Ross Fabian, partner at chartered accountants, HW Fisher & Company, says there is a great divide in the tech world between developers of a new piece of tech who are “very focused on selling their business – their exit is their payday after all” and IT channel entrepreneurs, where the situation is “less clear cut”.
The main reason for this difference, he notes, is value. “An original, proprietary piece of tech has the potential to generate recurring revenue – and thus an obvious value to its owner. But for IT service, maintenance or consultancy companies, it is harder to build sufficient intrinsic value in the business to attract would-be buyers.”
So what should you do if you’re the boss of an IT service, maintenance or consultancy company? “If you’re in this position, the key is to add value – and longevity – to clients,” Fabian argues. “In crude terms, the better the clients, the longer the client list, the ‘stickier’ the clients are, the more attractive – and valuable – the company will be. This is why recurring revenue and subscription models often result in higher valuations.”

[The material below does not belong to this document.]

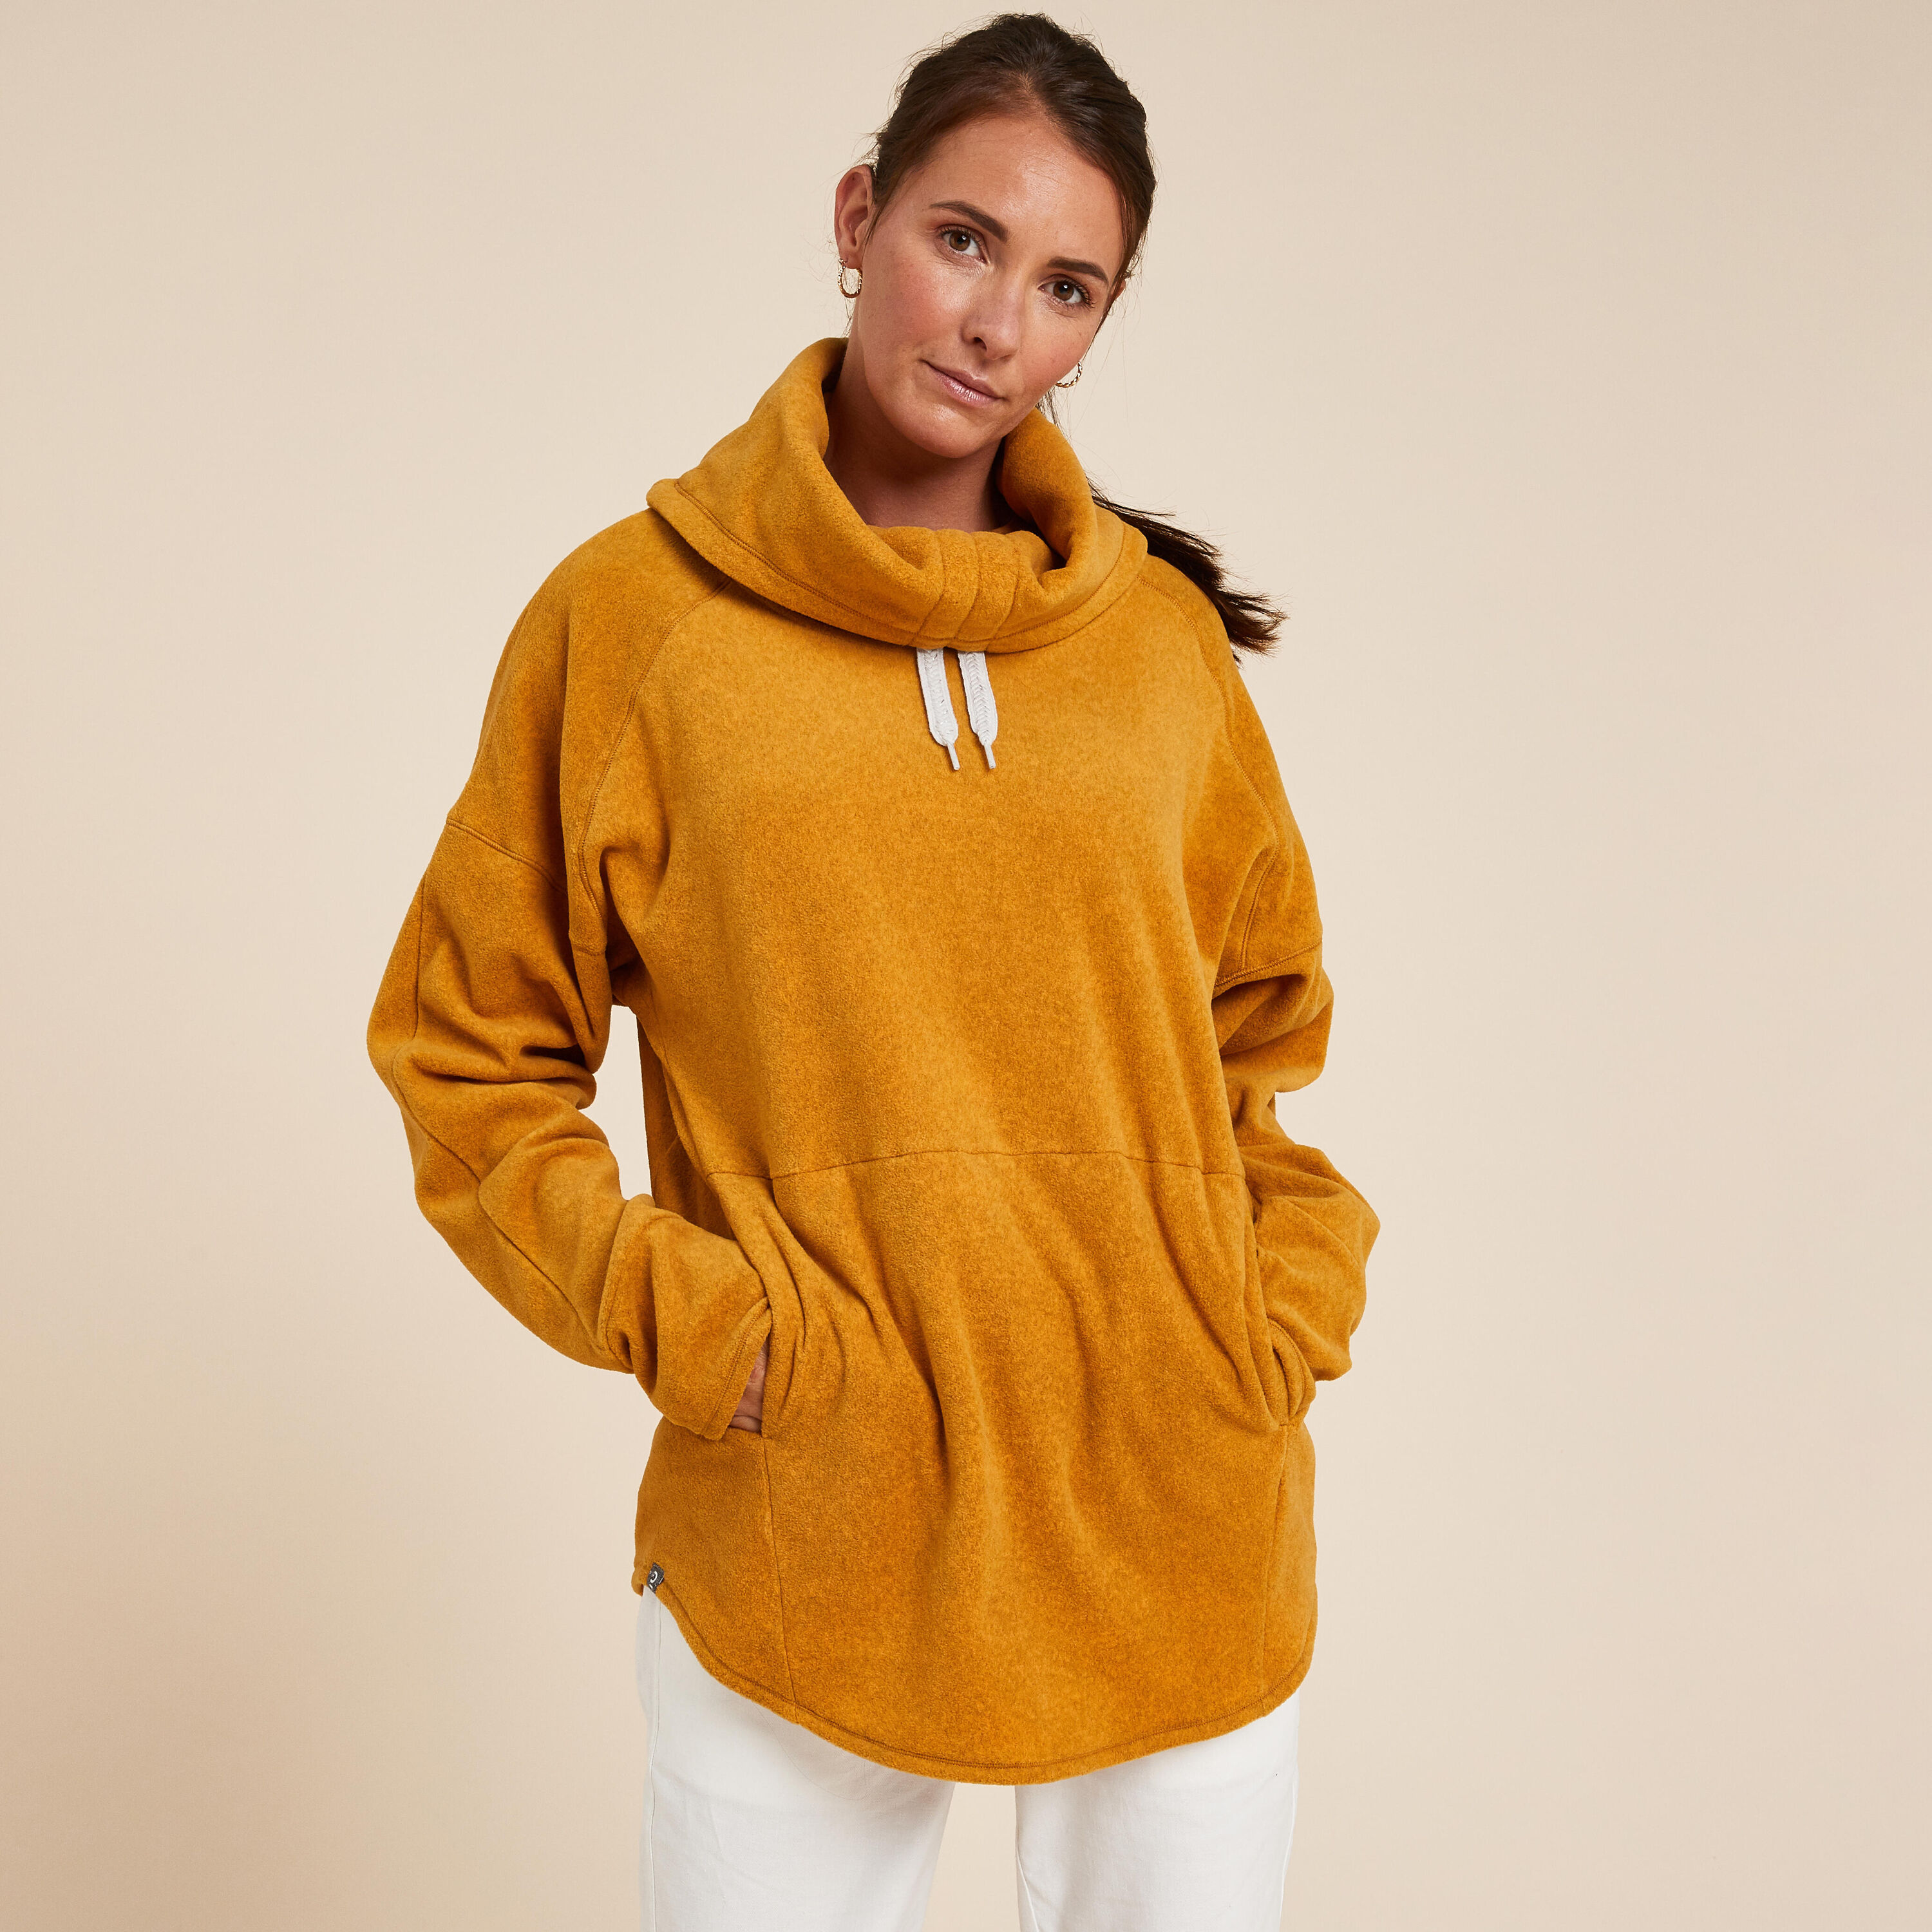 KIMJALY Women's Fleece Relaxation Yoga Sweatshirt - Ochre

He agrees that “the advent of SaaS has commoditised many core IT reseller and support services, but SMEs that have their own software are less vulnerable to this threat. Anything which secures user acceptance – and then user reliance – is vital in terms of client retention and value creation”.
One of the big difficulties with smaller businesses is that their identity can often be completely intertwined with their owner. Frequently, these types of businesses will be dominated by the owner of the company. In some cases, potentially worthy successors may have left or felt forced out because they saw little prospect of advancement at an organisation where the owner had too tight a grip on the reins.
Owners may not be unaware of their overwhelming control of their organisations and they may not understand that their unwillingness to allow others to take on responsibility can be injurious to their companies in the long-term. In some smaller businesses, the owner and his or her relationship with the customer may be the only value they have. And they may be reluctant to allow others within the company to become engaged in that relationship.
In this context, Fabian says it’s important to understand that the value of a business “should reside in the company, rather than just its owner”. It’s all well and good having an inspirational leader, “but if the owner is the business, prospective buyers will worry that a change at the top could kill client loyalty. Such a risk will either drive down the valuation or put off buyers altogether”, he warns.
Potential buyers are not going to be attracted by the notion of paying money for access to customers whose relationship is with an individual about to leave the organisation they are buying. And you can see why. The customer relationship has to be with the company for the value to reside in the business when it has been acquired.
It’s like a soccer team. When someone buys a club, they’re buying everything that comes with it and that includes the players and the loyalty of fans that go to watch the games. What no one wants is to take over a football club only to find out that after the star player retires, he was the only reason most of the fans were going to the games.